Cosine similarity compares the angle between two non-zero vectors in a high-dimensional space. Rather than paying attention to the magnitude (size) of the vectors, it contrasts their direction. This comes in particularly handy when you wish to verify how similar two documents or data points are without being sidetracked by size discrepancies.
Imagine it this way: Two essays could be of different lengths, but if they're discussing the same thing with the same words, then cosine similarity will catch that. If they are exactly the same, the score is 1. If they are totally different, the score is 0. Anything else in between indicates how close or far they are.
Now that you have gotten the basic idea let's jump into the different ways you can calculate cosine similarity using Python. Whether you like keeping things simple with built-in libraries or you prefer writing a bit more code manually, there's something for everyone.
One of the quickest ways to calculate cosine similarity is by using the scikit-learn library. Here’s how you can do it:
python
CopyEdit
from sklearn.metrics.pairwise import cosine_similarity
import numpy as np
# Example vectors
vector1 = np.array([1, 2, 3])
vector2 = np.array([4, 5, 6])
# Reshape for sklearn (it expects 2D arrays)
vector1 = vector1.reshape(1, -1)
vector2 = vector2.reshape(1, -1)
# Calculate cosine similarity
similarity = cosine_similarity(vector1, vector2)
print(similarity[0][0])
Pretty clean, right? scikit-learn handles all the heavy lifting behind the scenes, and you just get your answer.
If you are already working with scipy, you can calculate cosine similarity a little differently.
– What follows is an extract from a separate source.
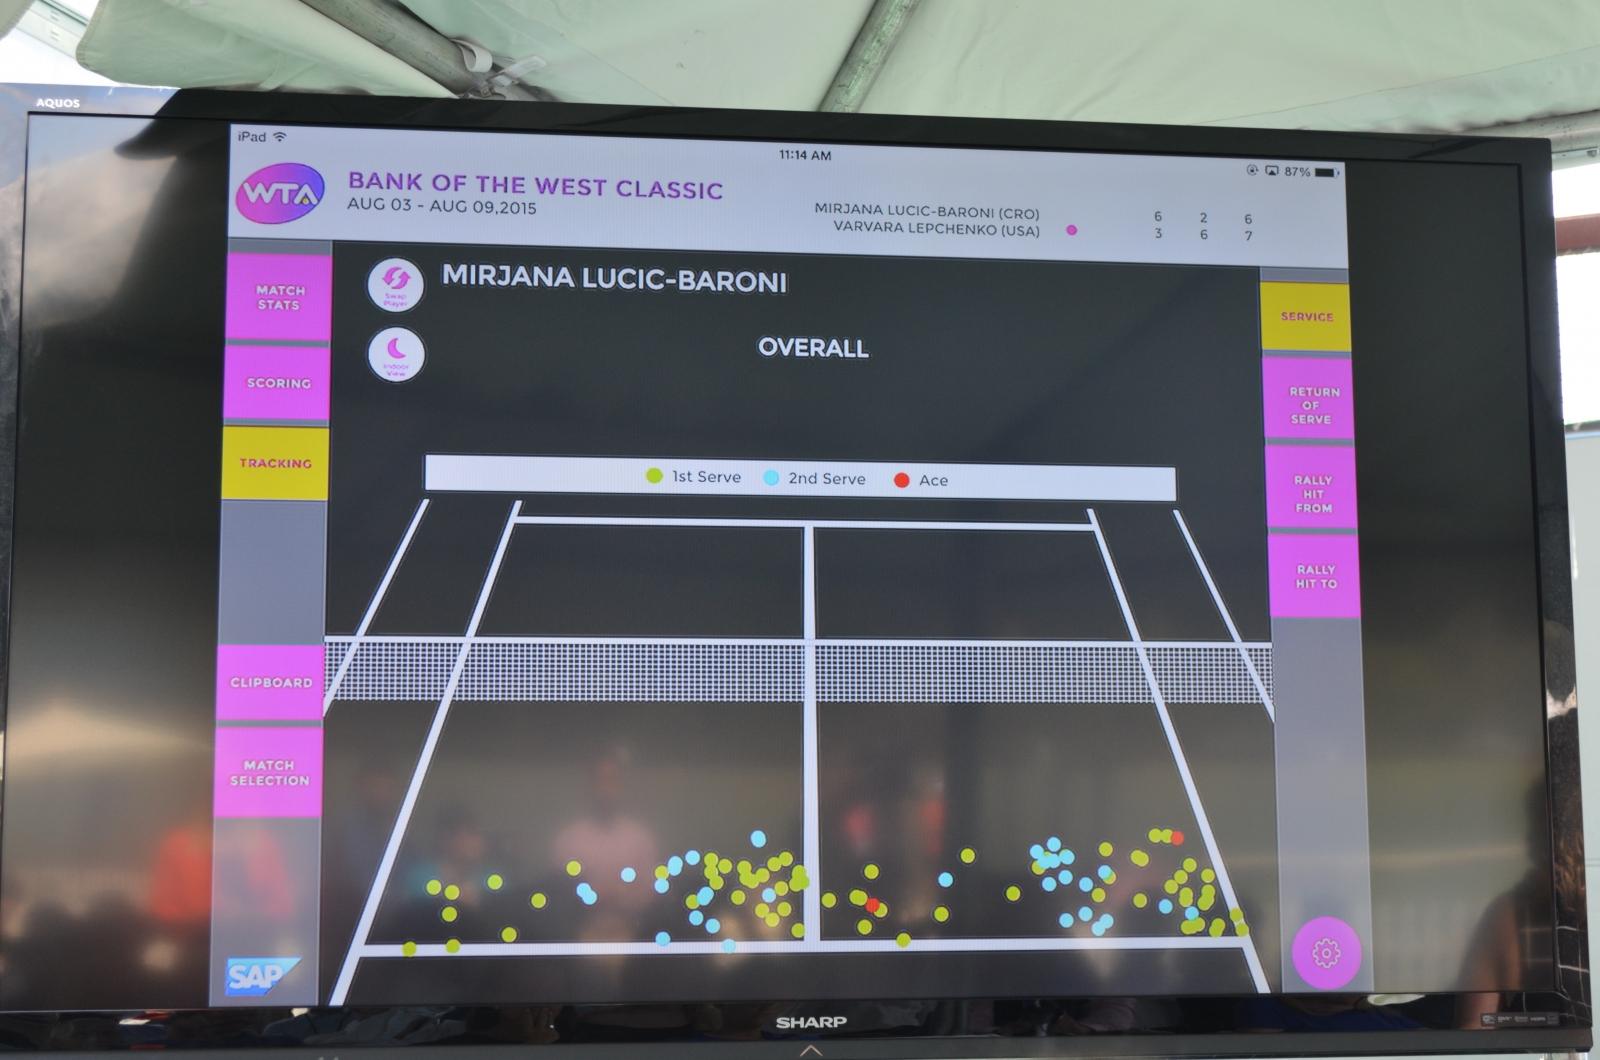 SAP Tennis Analytics iPad app
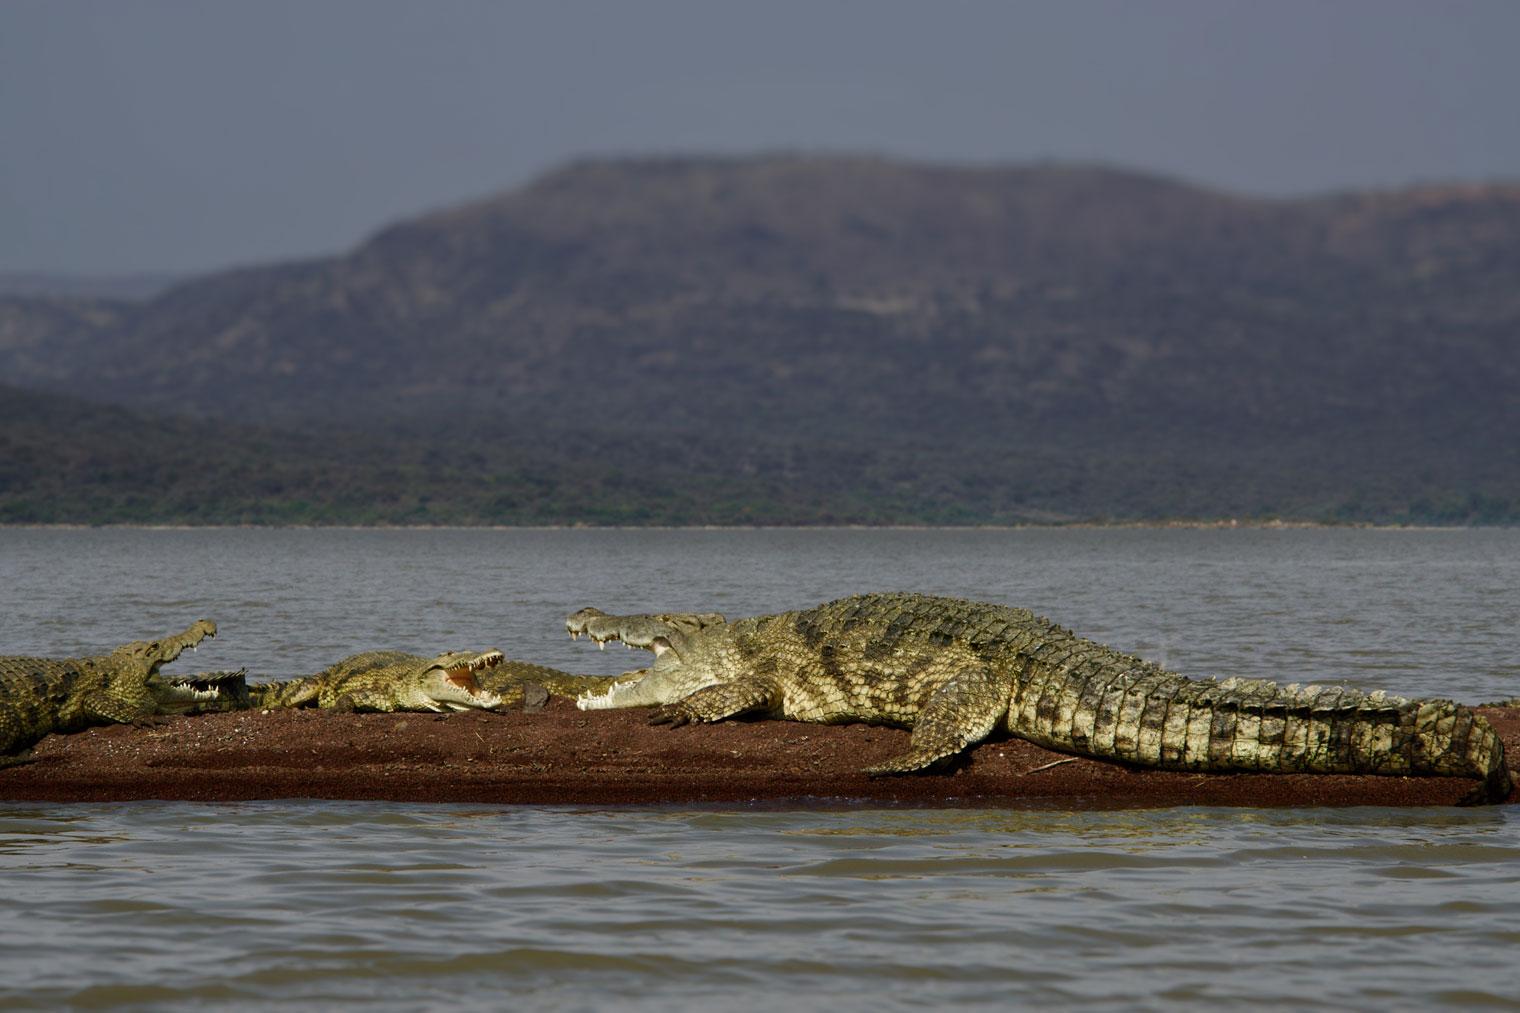 Ethiopia-Arba-Minch-Wildlife-Crocodile

Here’s a quick look:
python
CopyEdit
from scipy import spatial
# Example vectors
vector1 = [1, 2, 3]
vector2 = [4, 5, 6]
# Calculate cosine similarity
similarity = 1 - spatial.distance.cosine(vector1, vector2)
print(similarity)
Notice that spatial.distance.cosine actually gives you the cosine distance. That's why we subtract it from 1 to get cosine similarity.
If you like to see the math happening, you can calculate cosine similarity manually. It’s not that bad! Here’s a simple version:
python
CopyEdit
import numpy as np
# Example vectors
vector1 = np.array([1, 2, 3])
vector2 = np.array([4, 5, 6])
# Calculate the dot product
dot_product = np.dot(vector1, vector2)
# Calculate magnitudes
magnitude1 = np.linalg.norm(vector1)
magnitude2 = np.linalg.norm(vector2)
# Calculate cosine similarity
similarity = dot_product / (magnitude1 * magnitude2)
print(similarity)
Manual calculation can be really handy if you want to understand exactly what’s going on instead of relying on libraries.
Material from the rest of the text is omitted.